### GIVEN MATERIAL
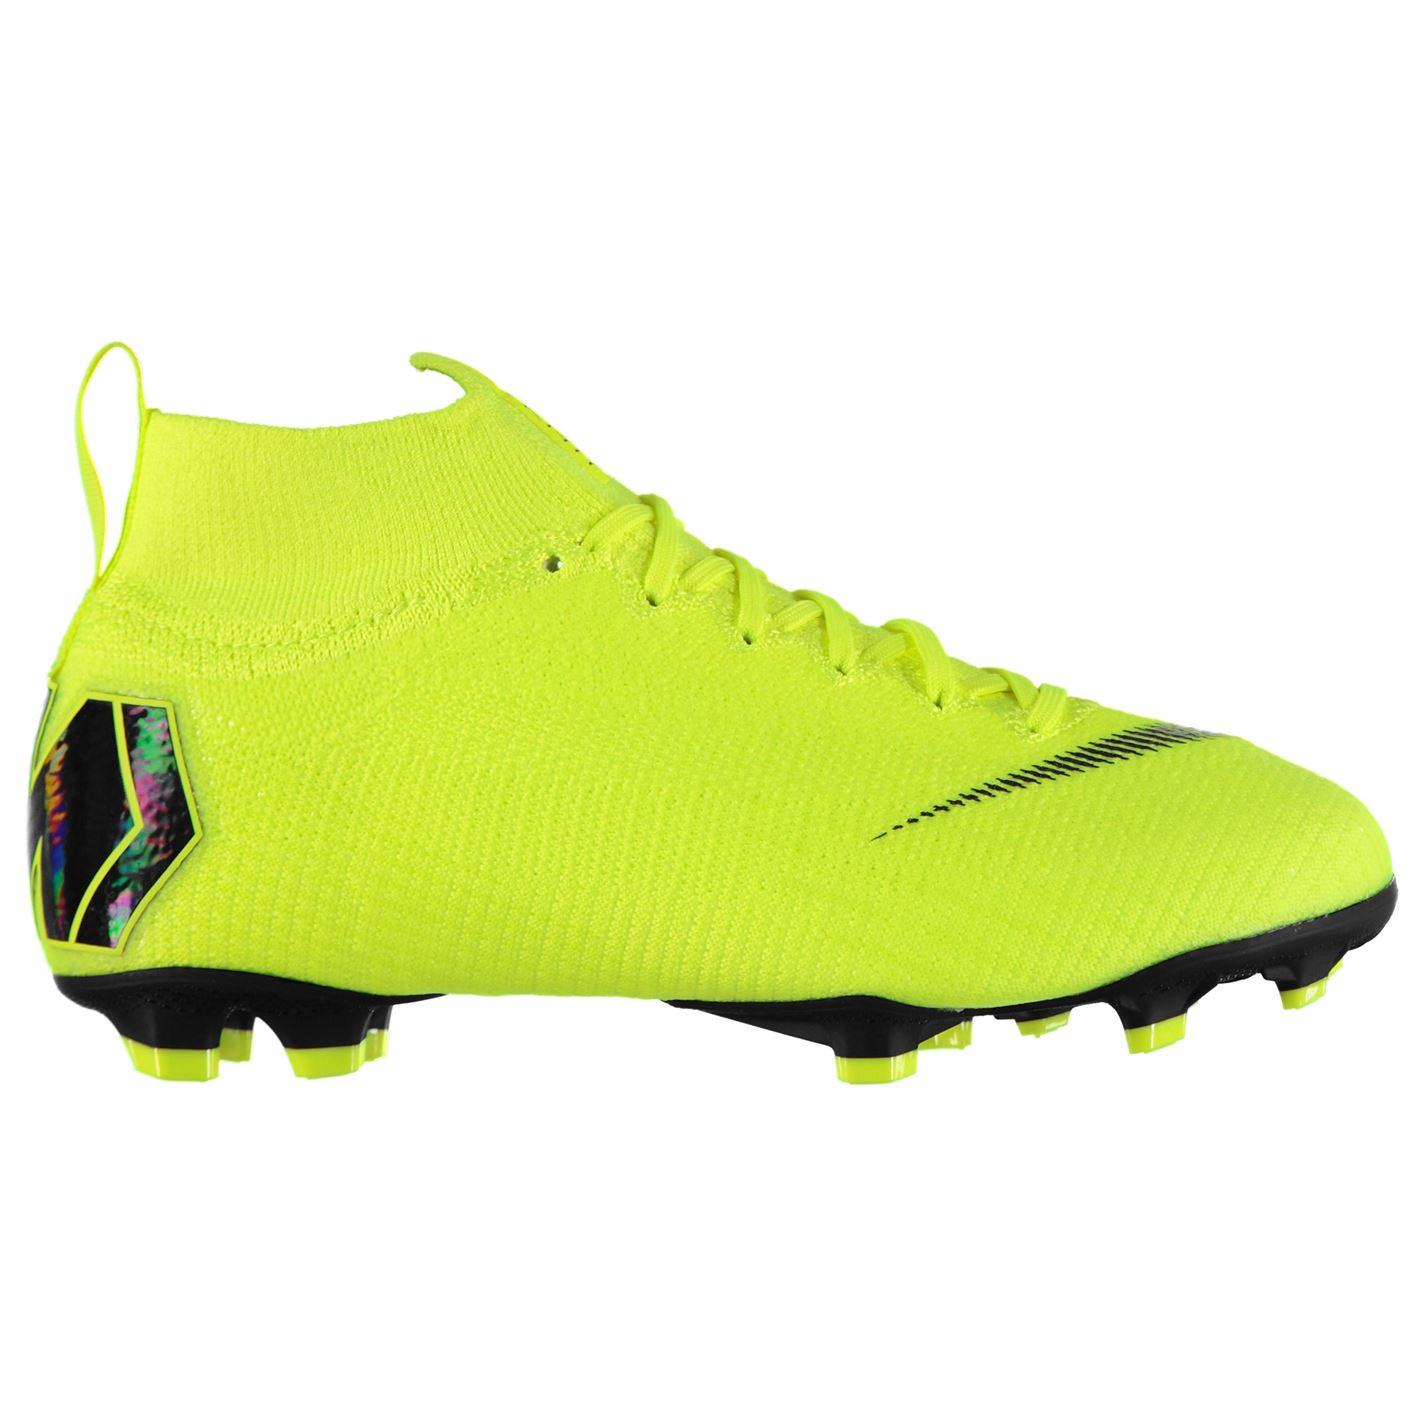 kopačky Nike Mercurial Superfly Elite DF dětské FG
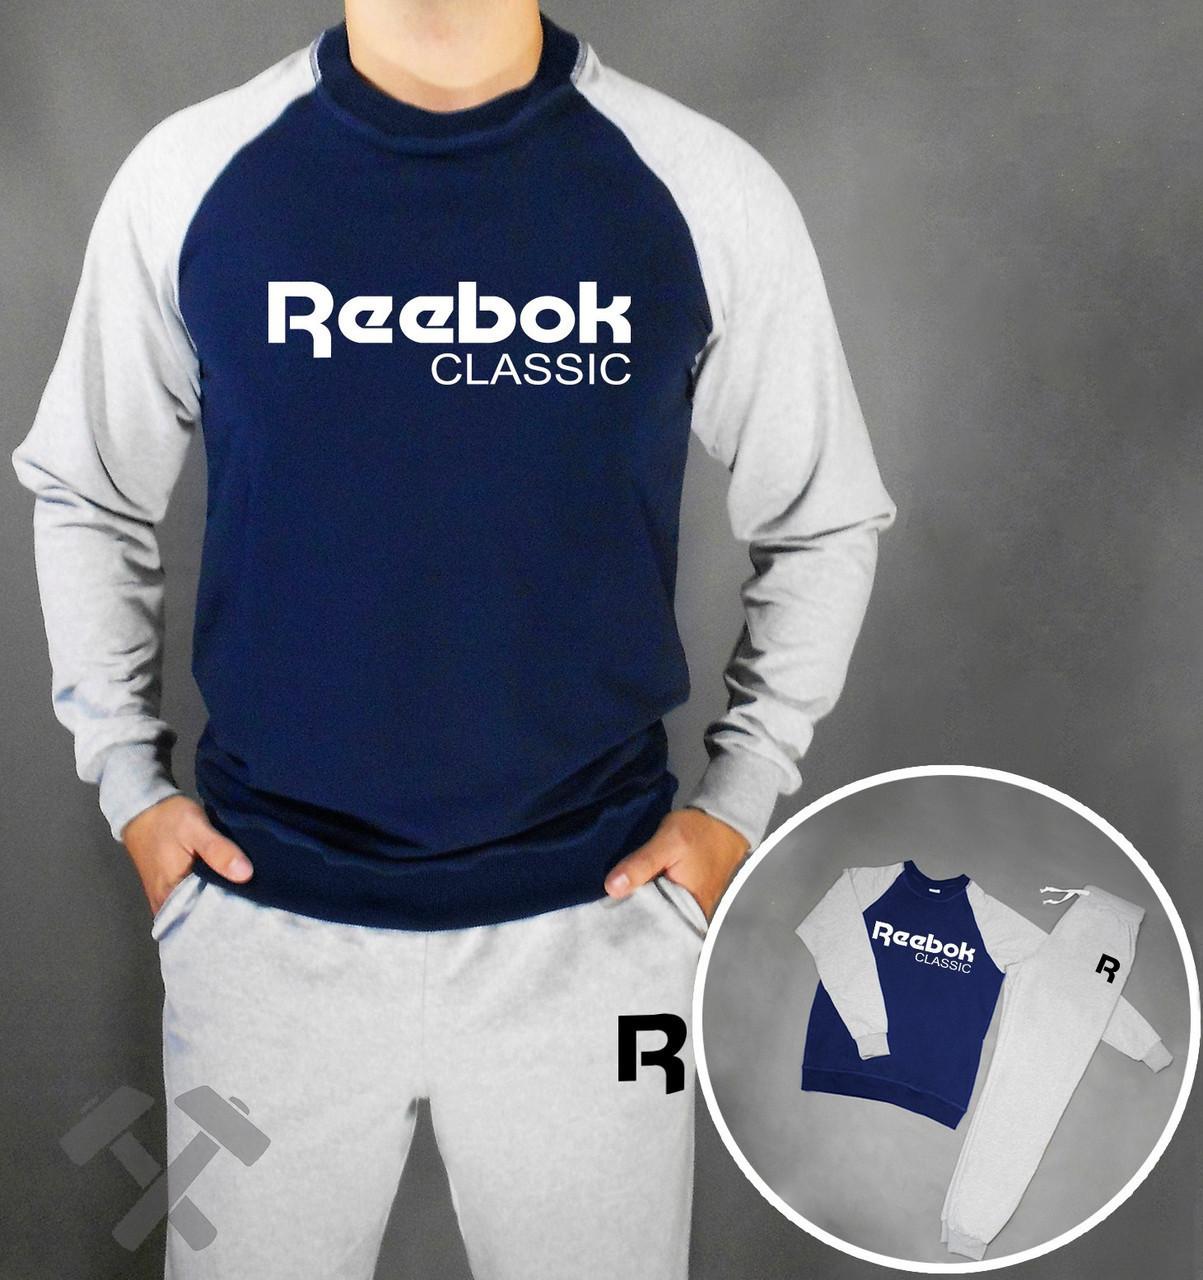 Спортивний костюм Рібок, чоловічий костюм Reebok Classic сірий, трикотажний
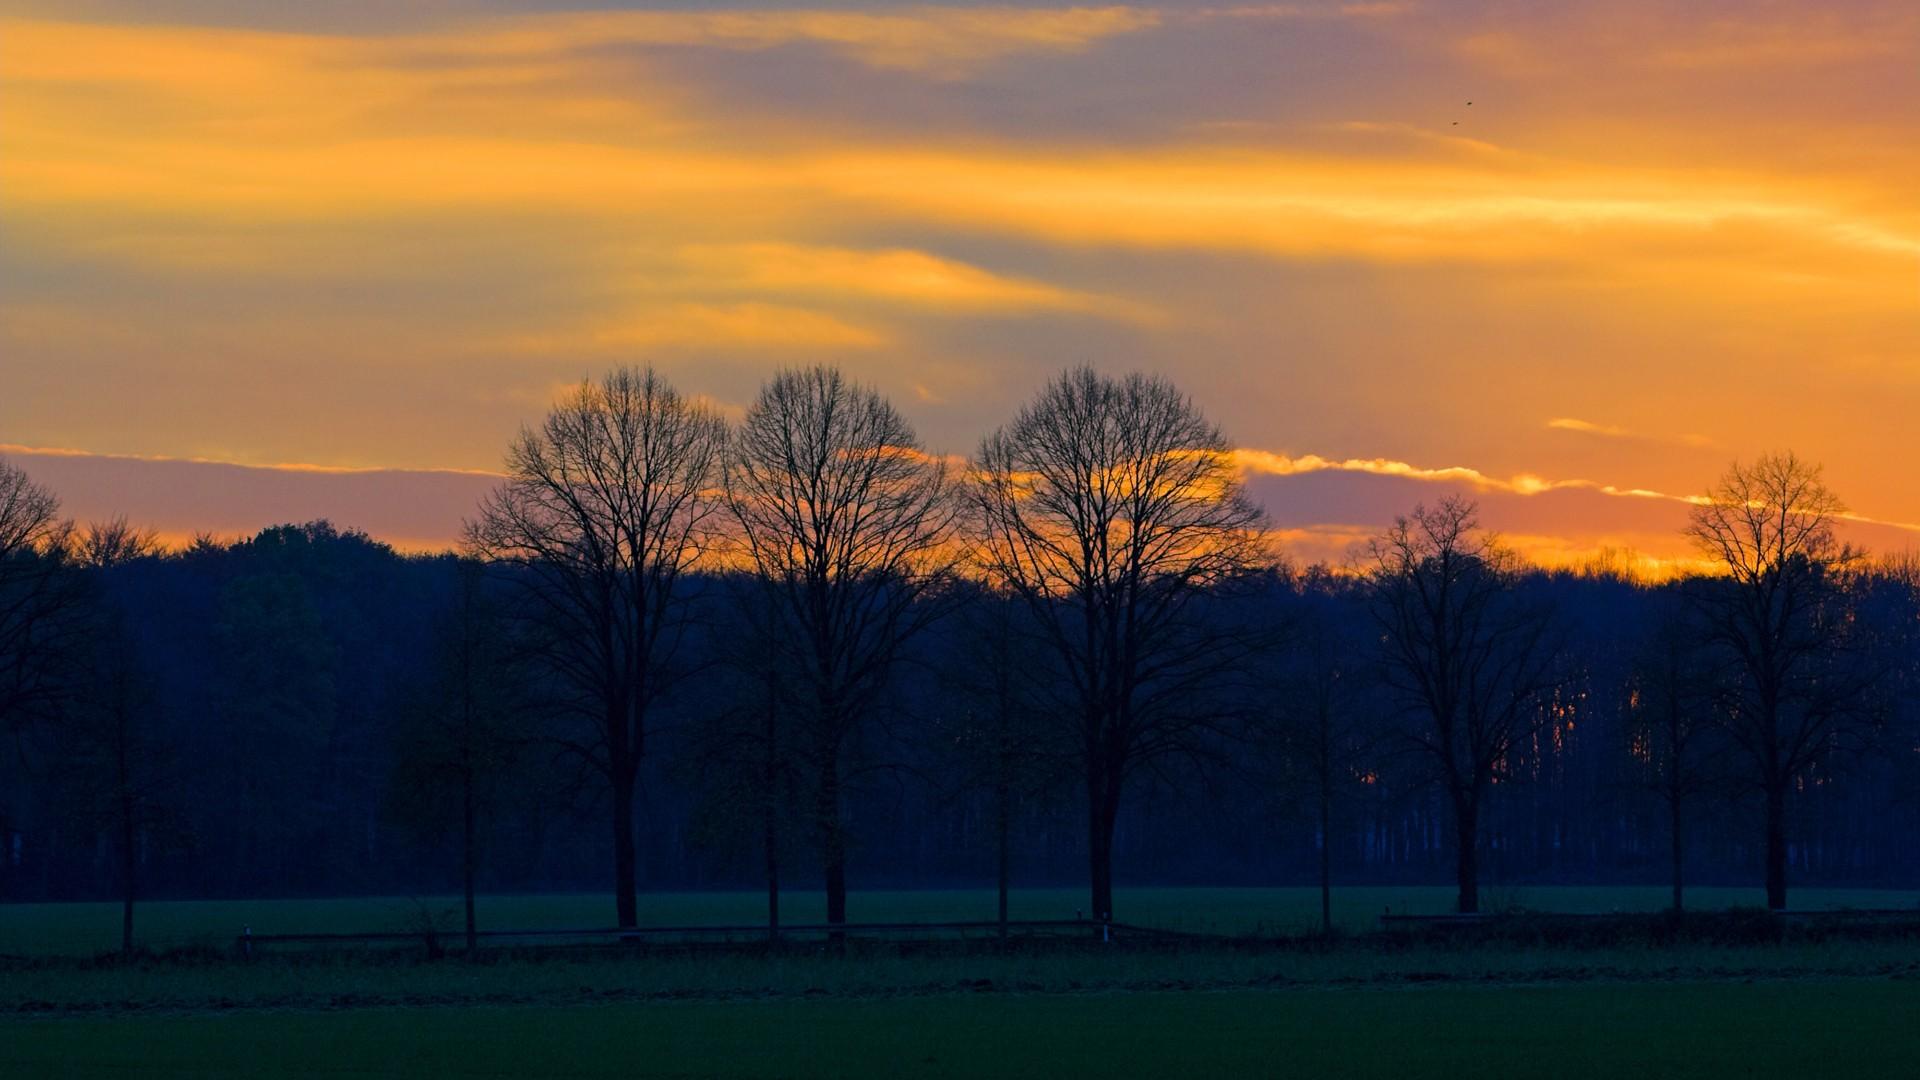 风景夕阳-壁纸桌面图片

### EXERCISE INSTRUCTIONS
Please write out all of the material above without changing a word, and omit any pictures.

### EXERCISE RESPONSE
 kopačky Nike Mercurial Superfly Elite DF dětské FG
 Спортивний костюм Рібок, чоловічий костюм Reebok Classic сірий, трикотажний
 风景夕阳-壁纸桌面图片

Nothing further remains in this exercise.